In late 2009 a list of seven names came to me, from which I had to select four to become Constitutional Court judges, and my advisers told me that you were the judge president of the smallest division in the land and had been put on the list as a makeweight.
I ignored them. We had met once or twice, and I liked your no-nonsense approach and your traditional values. You spoke a South African language with a proper, local accent. Not that posh English of your predecessors as chief justice or, though I can barely bring myself to mention his name because he is apparently so eager to limit my powers, your deputy, Dikgang Moseneke …
Mogoeng, leaning forward hopefully: Well, I remain honoured that my president saw potential …
Zuma: Don’t flatter yourself, Chief Justice. I did not see potential. I saw obedience.
I thought you would understand that we are the elected government of this country and we must be free to govern as we decide that our people would see fit for us to govern, not you and your colleagues.
Mogoeng, mouth open, like a fish, fighting for air: Mr President, I am distressed to hear you speak in such terms …

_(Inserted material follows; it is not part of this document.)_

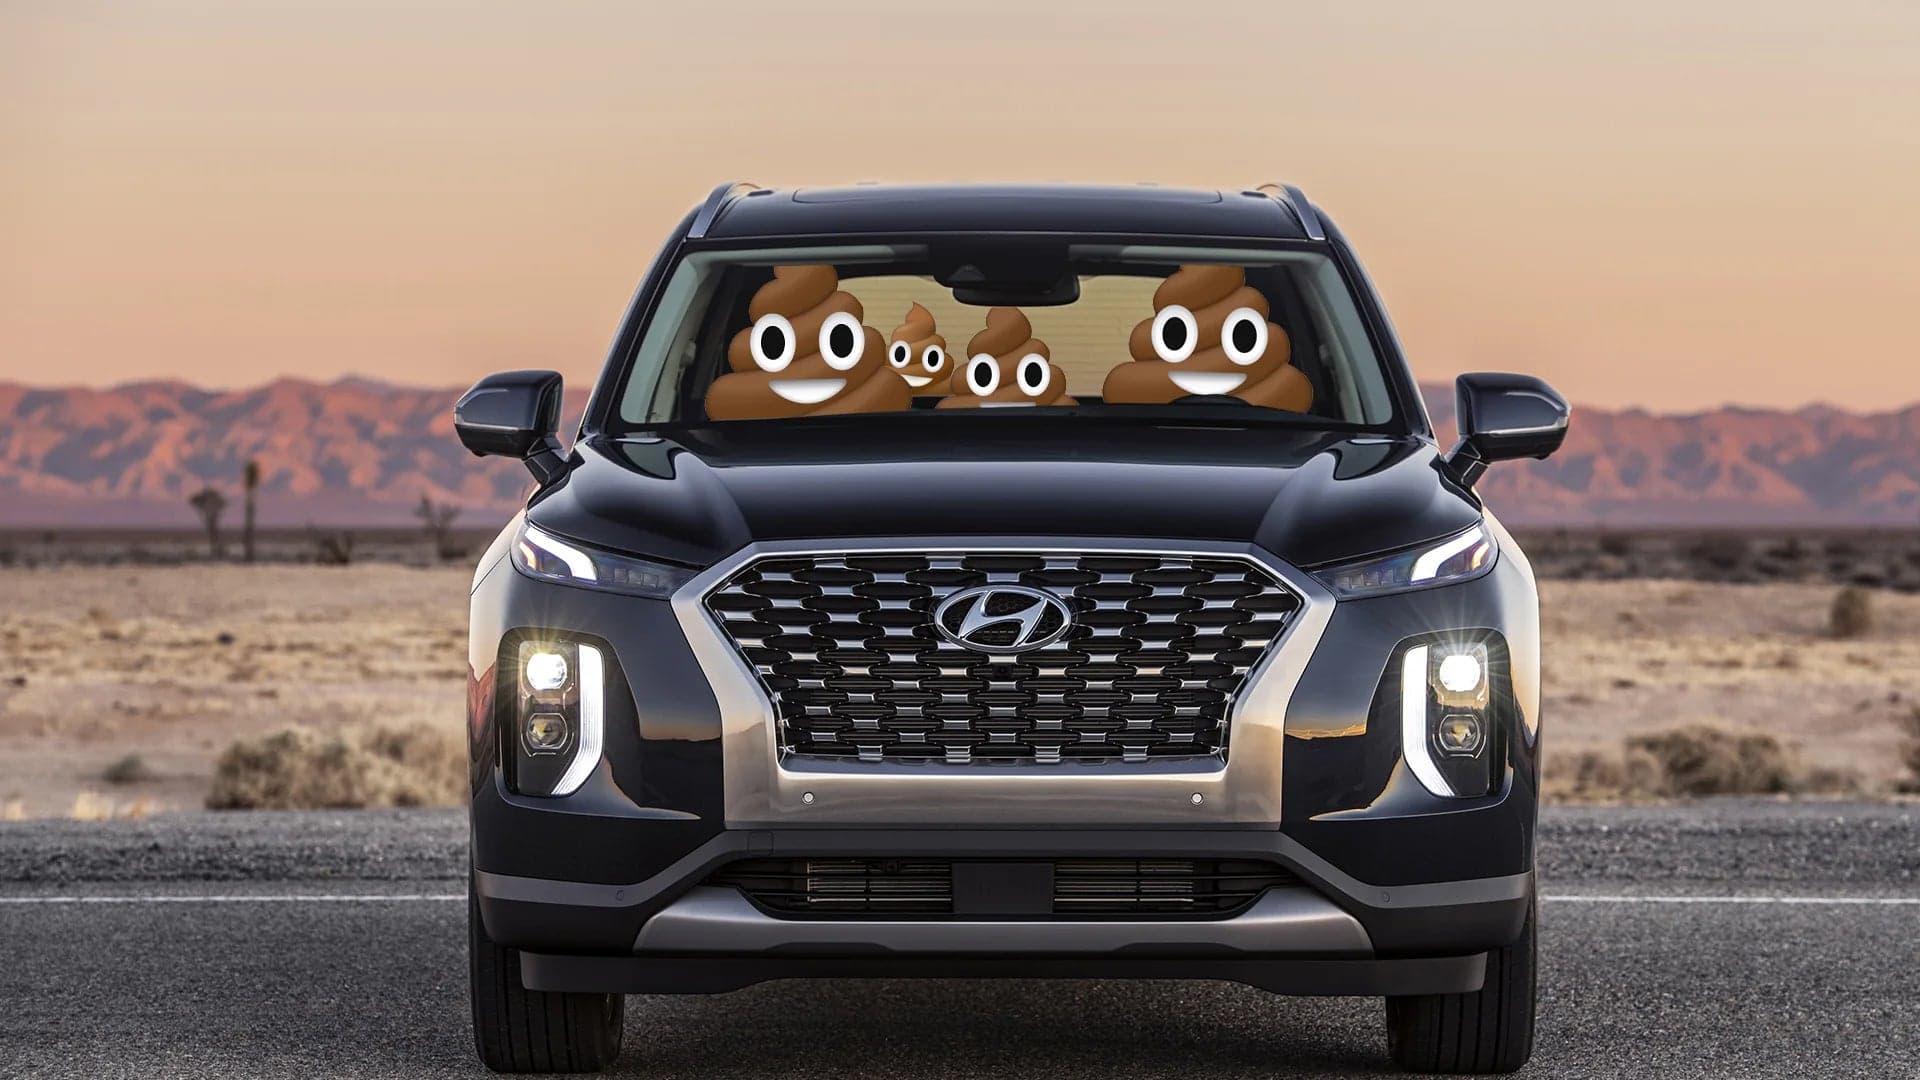 Hyundai Palisade Owner With Stinky Headrests Gets Their SUV Bought Back Via Lemon Law
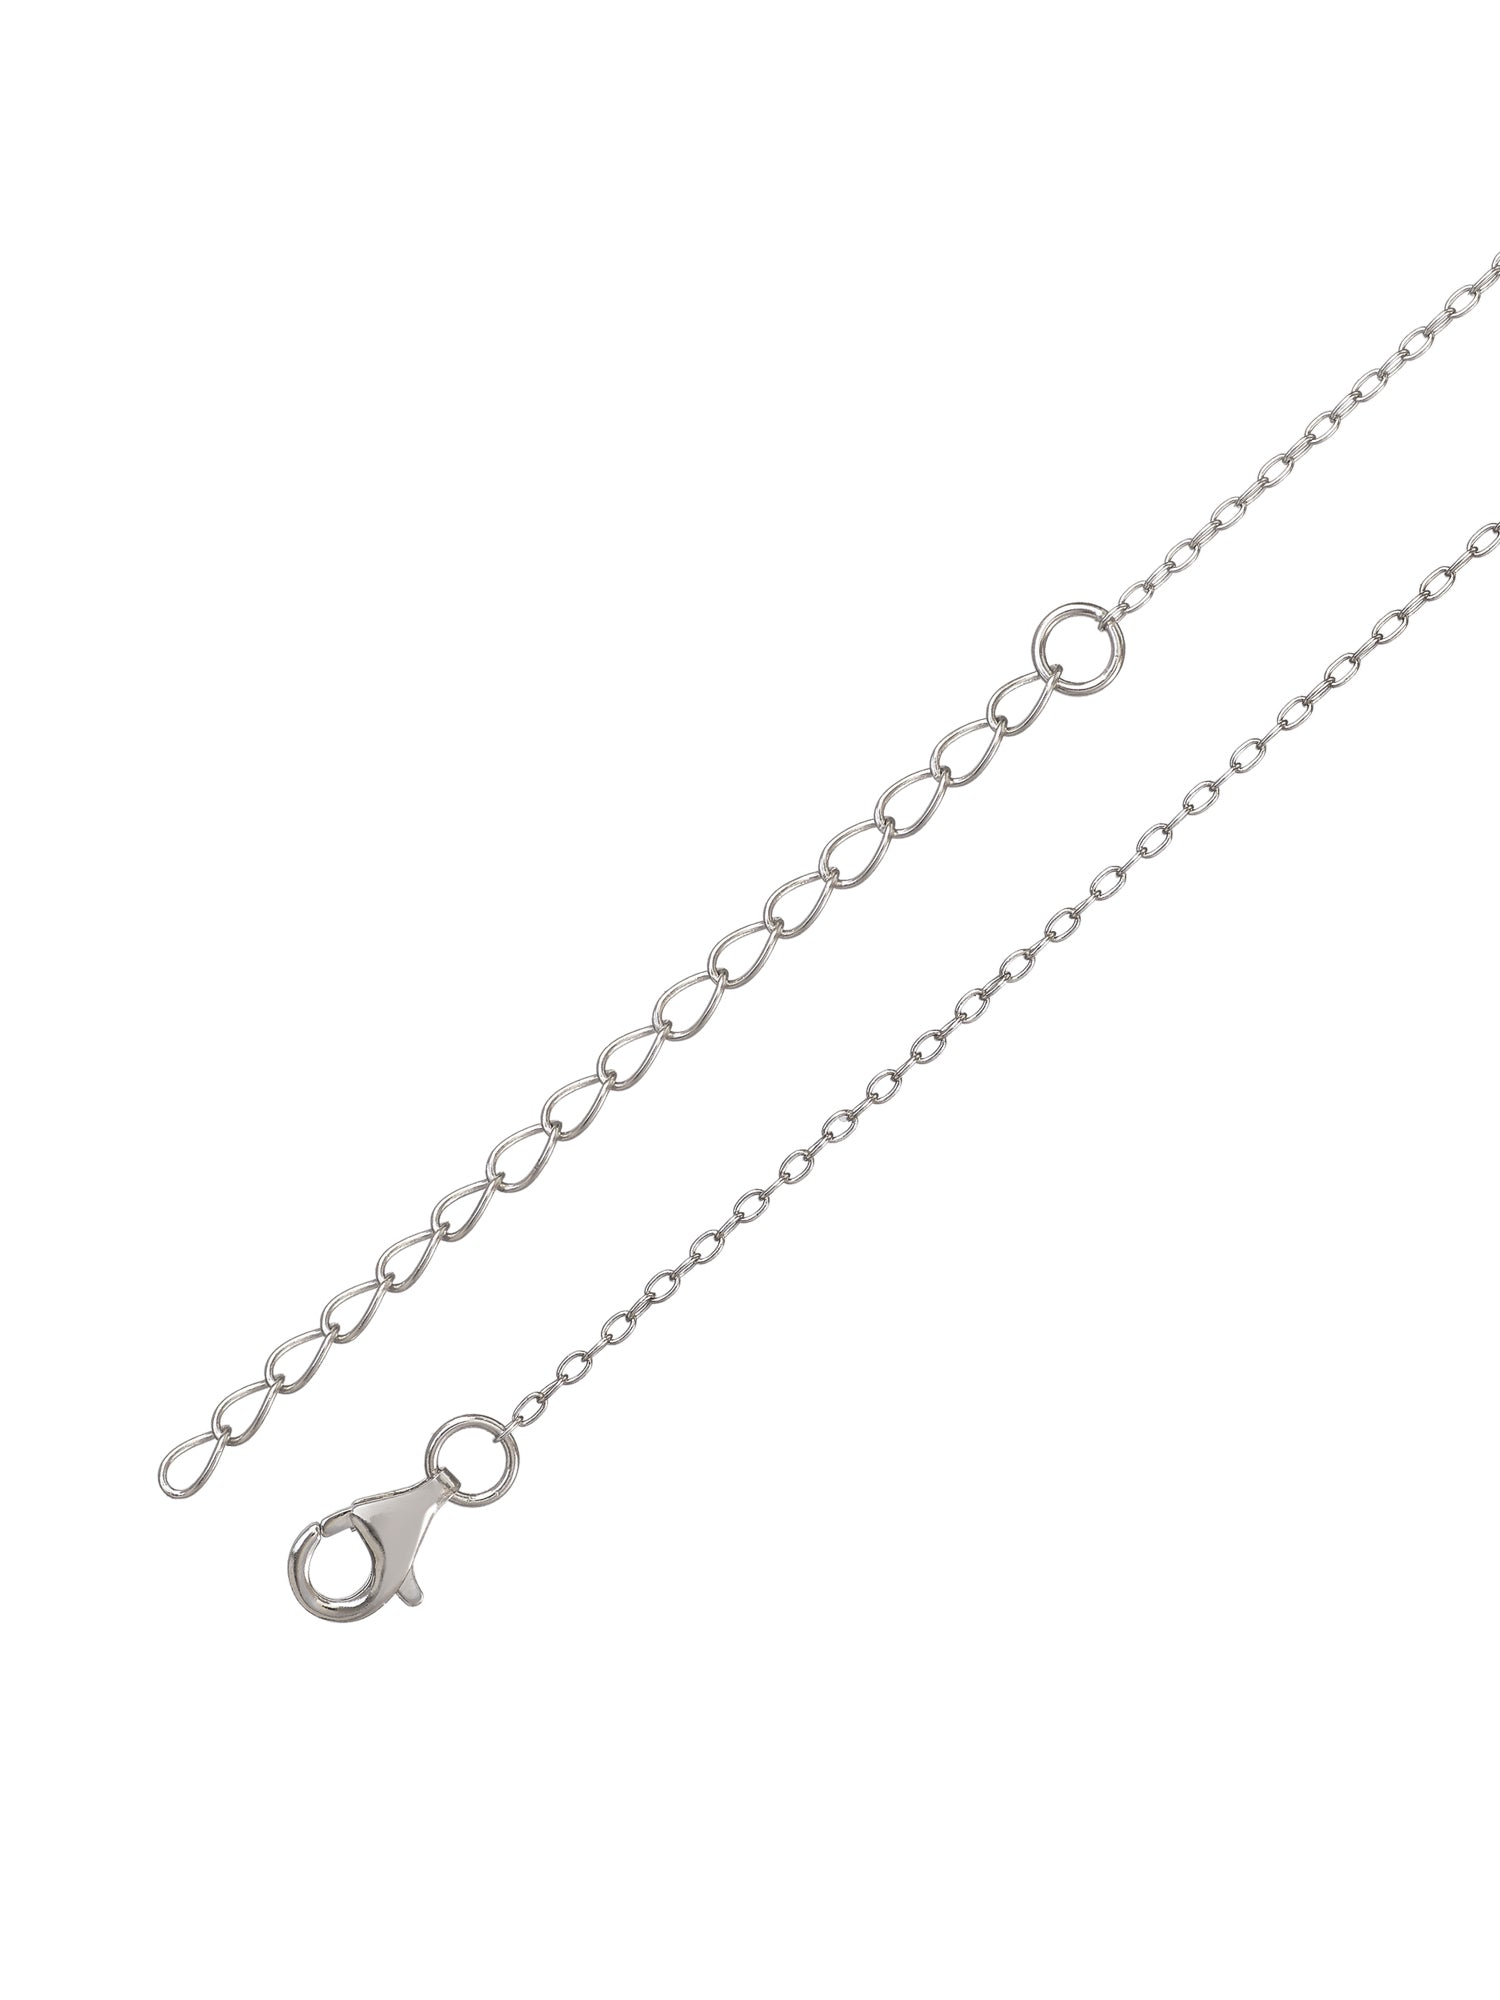 STERLING SILVER BLUE SAPPHIRE HALO NECKLACE WITH CHAIN-4

Zuma: The problem with people like you is that, once appointed, you think that you got there on merit …
Mogoeng: Isn’t that a variation of a famous quote?
Zuma, ignoring him: I know what’s going on, Mogoeng. My people have been watching and they have advised me: you are taking this whole independence thing far too seriously. You are determined to prove that you are not my lackey. You are hellbent on making people have to eat their words.
Mogoeng, puffing up his chest: Yes, I am, Mr President. Like that arrogant professor of law down in the Cape – Richard Calland.
Zuma: I’ve no idea who you’re referring to. Never heard of him.
Mogoeng: Mr President, the one who said you don’t read.
Zuma, frowning: Ah yes.
Pause and then another deep chuckle: The same one that wrote in his book that I, the one who doesn’t read, appointed you, the one who doesn’t write!
Mogoeng, a tad embarrassed at having walked into this: I believe he was referring to my track record of writing reportable judgments, which, incidentally, has greatly improved in the past year or two …
Zuma: I am glad to hear that. I presume the Chief Justice gets the cream of the crop when it comes to clerks …
Presidential aide, entering the room apace: Mr President, I am sorry to interrupt you, but President Putin is on the phone, and he says it’s urgent. He says there’s a slight problem with “the transfer”.
Zuma: Excuse me, Chief Justice. Enjoy the rest of your day!